Our workflow that was built using CWL also followed Findable, Accessible, Interoperable, and Reusable (FAIR) principles [40] to ensure reproducibility, reusability, and transparency for its use by the public. Our workflow script code under the JSON format applied in this paper is publicly accessible (Findable and Accessible) and can be implemented on the CGC platform (Interoperable and Reusable). Our code can also be executed using other CWL executors, such as CWL-Tool and CWL-Airflow [41]. However, because the code contained a platform-specific field, it might not work outside the CGC platform. To use our CWL code, an account on the CGC platform would be required in advance.
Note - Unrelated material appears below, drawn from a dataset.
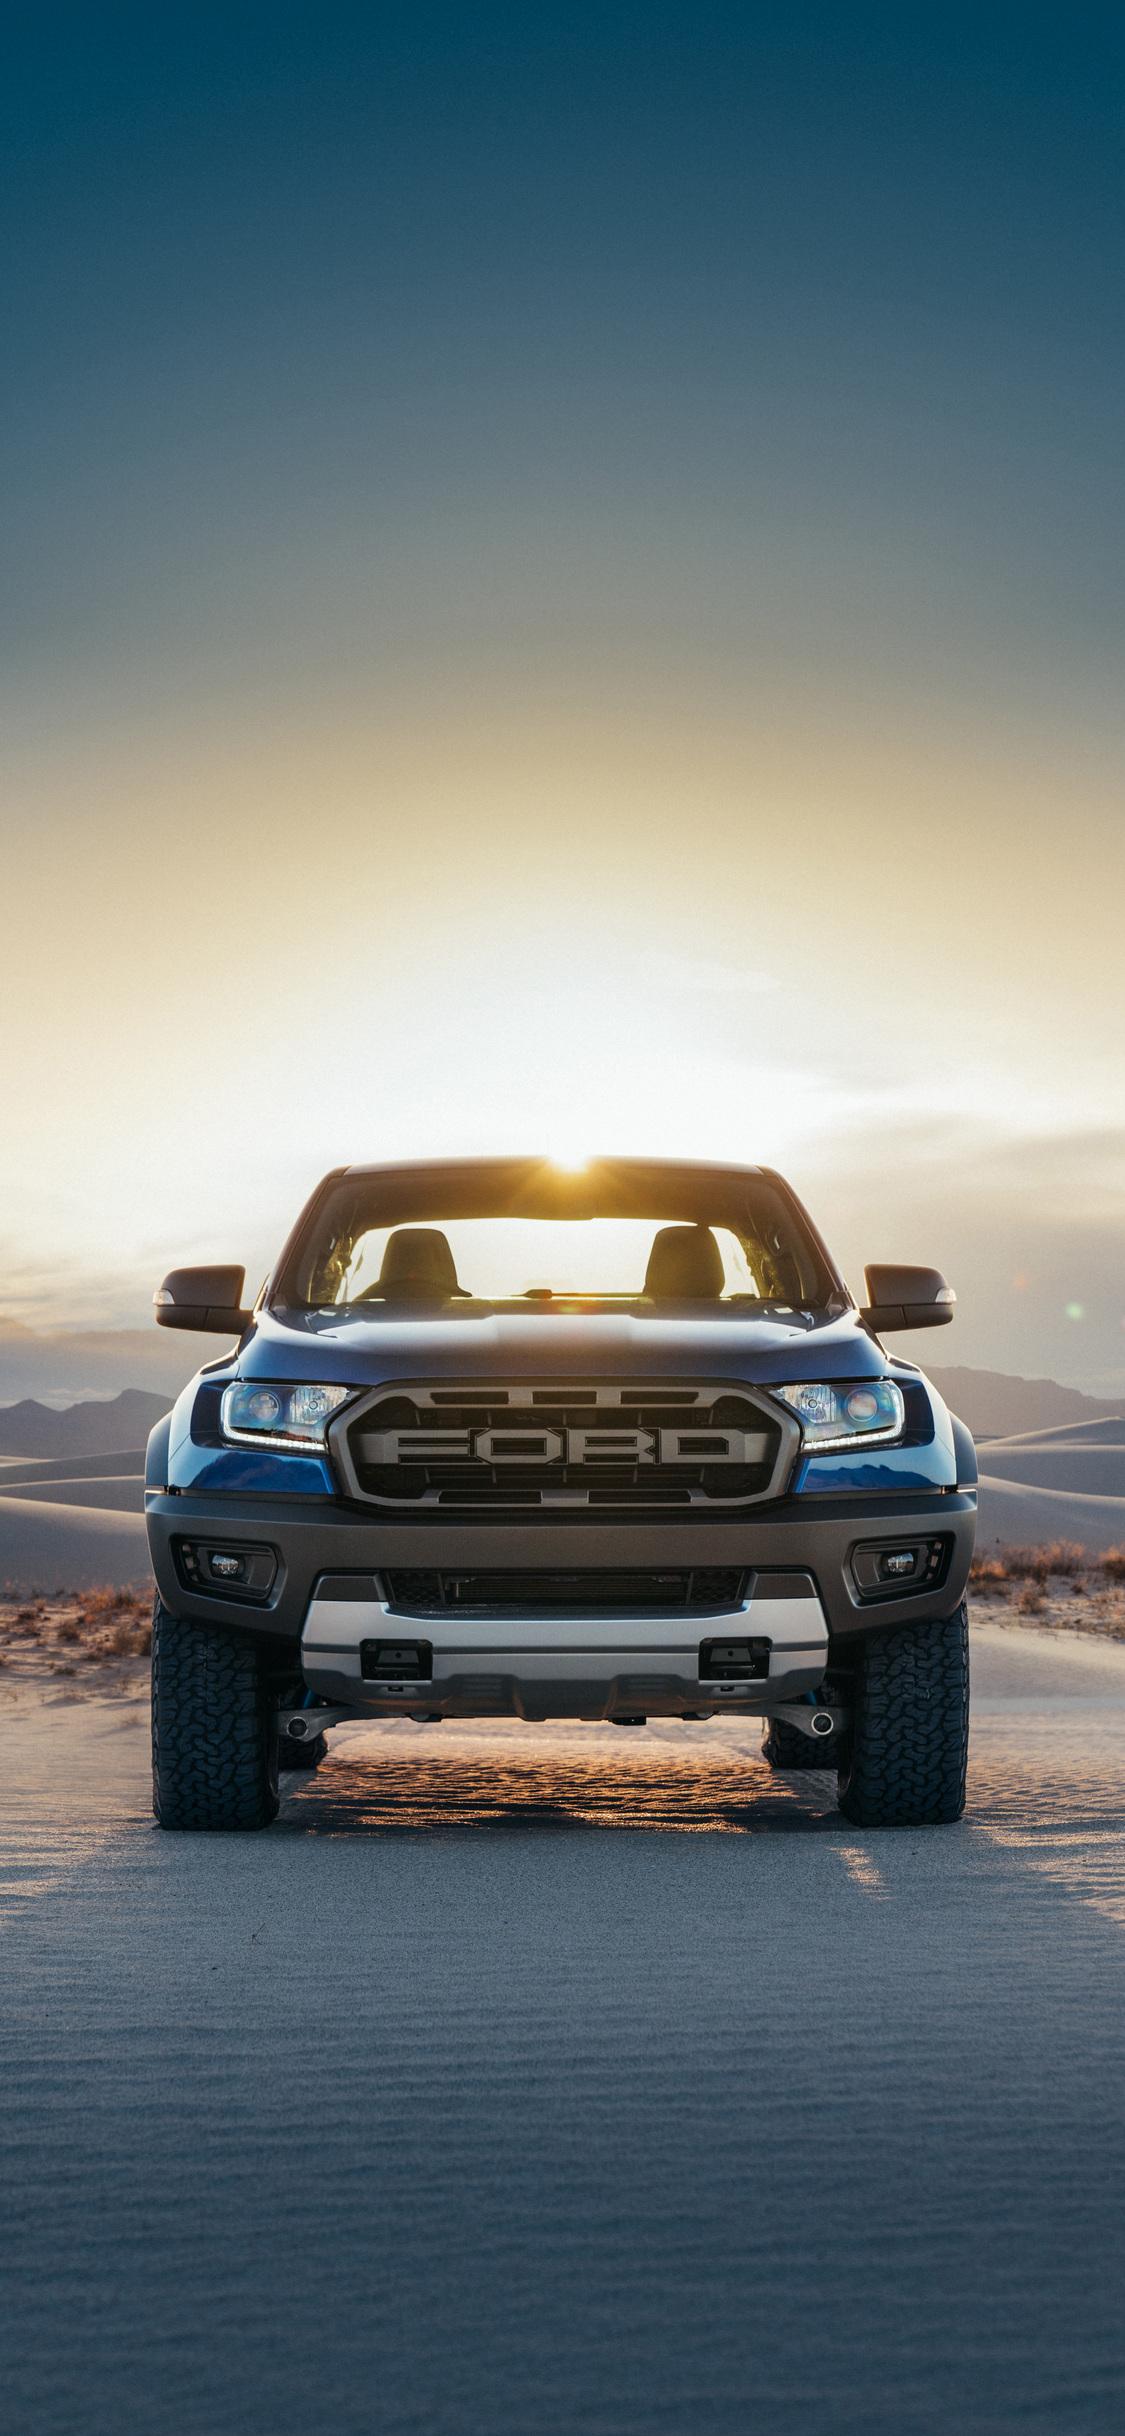 Ford Ranger Wallpaper Iphone 2020 Ford Ranger Bullbar

4.3. Species Identification at a Lower Taxonomy Level

To test the sensitivity of our workflow for identifying species with higher similarities with SARS-CoV-2 at the lower taxonomy level, we conducted another experiment by using Middle East Respiratory Syndrome Coronavirus (MERS-CoV) sequencing data. We chose MERS-CoV because it has a close similarity to the genus Betacoronavirus of SARS-CoV-2, but has a different lineage. SARS-CoV-2 belongs to lineage B (subgenus Sarbecovirus), whereas MERS-CoV belongs to lineage C (subgenus Merbecovirus) [42,43]. In addition, the outbreak of MERS-CoV occurred worldwide in 2012 [44].
Data used to represent MERS-CoV were also obtained from the same public BioProject repository, with an accession code of PRJNA316178. We tested a total of eight samples by using our workflow and the same parameterization settings; however, we used only SARS-CoV-2 as the index. In addition, we replaced the H1N1 index with the MERS-CoV index. The following input parameter settings were applied to describe MERS-CoV: reference genome for RefSeq category, viral for domain, and 1,335,626 for taxonomy IDs. Under these settings, our workflow could generate the reference genome sequences of the Middle East Respiratory Syndrome-related coronavirus (MERS-related type) as FASTA files with a length of 30,119 base pairs. Table 3 summarizes MERS-CoV dataset profiles, and the details of the dataset within each identification result are provided in the Supplementary File with the tab name Discussion_MERS-CoV.
The MERS-CoV dataset exhibited characteristics similar to those of our previous two pandemic sequencing datasets, in which paired-end short reads were generated using the Illumina MiSeq instrument with a viral RNA source. However, the average number of reads available for this MERS-CoV was higher than those in our other two pandemic datasets. This difference can be attributed to the difference in the sequencing strategy used, wherein dataset metadata were referred. In contrast to our pandemic datasets which used the amplicon strategy, whole-genome shotgun (WGS) was used for our MERS-CoV dataset. WGS generated a higher number of reads than the amplicon strategy did because WGS covers a wider portion of the genome within a sample instead of only a partial part of the genome, such as an amplicon [45,46]. This finding also explains why the ratio of the average file size to the average number of reads in the MERS-CoV dataset (~6 × 10−4) was higher than those of our two pandemic datasets (approximately 4 × 10−4 for the COVID-19 dataset and 5 × 10−4 for the swine flu dataset). This ratio was useful to illustrate the amount of information stored in each read on average. However, since the ratio was close to that of both pandemic datasets, we could still conclude that these datasets (COVID-19, swine flu, and MERS-CoV) had similar characteristics for short-read sequencing data.
In this experiment, the MERS-CoV dataset generated a higher number of reads that were identified as SARS-CoV-2 (Figure 4a), resulting in an IR of 0.008–0.06%. By contrast, when using the same SARS-CoV-2 index, we obtained an IR of 0–0.033% in the swine flu dataset. These results suggest that sequencing data obtained from MERS-CoV, which shares a higher similarity with SARS-CoV-2, identified a higher number of reads for SARS-CoV-2 compared with sequencing data obtained for H1N1 that shared a lower similarity with SARS-CoV-2. When we used the MERS-related-type index, our workflow exhibited an IR of 77–99%, with its number of unidentified reads (Figure 4b) being higher than those obtained using the swine flu dataset with H1N1 as the index (IR: 37–98%). This result can be attributed to the use of a primer specific to MERS-CoV based on limited MERS-CoV metadata information available in the database. In addition, the low specificity of the index used in our workflow could be another factor that could have resulted in various IR range results in our MERS-CoV dataset.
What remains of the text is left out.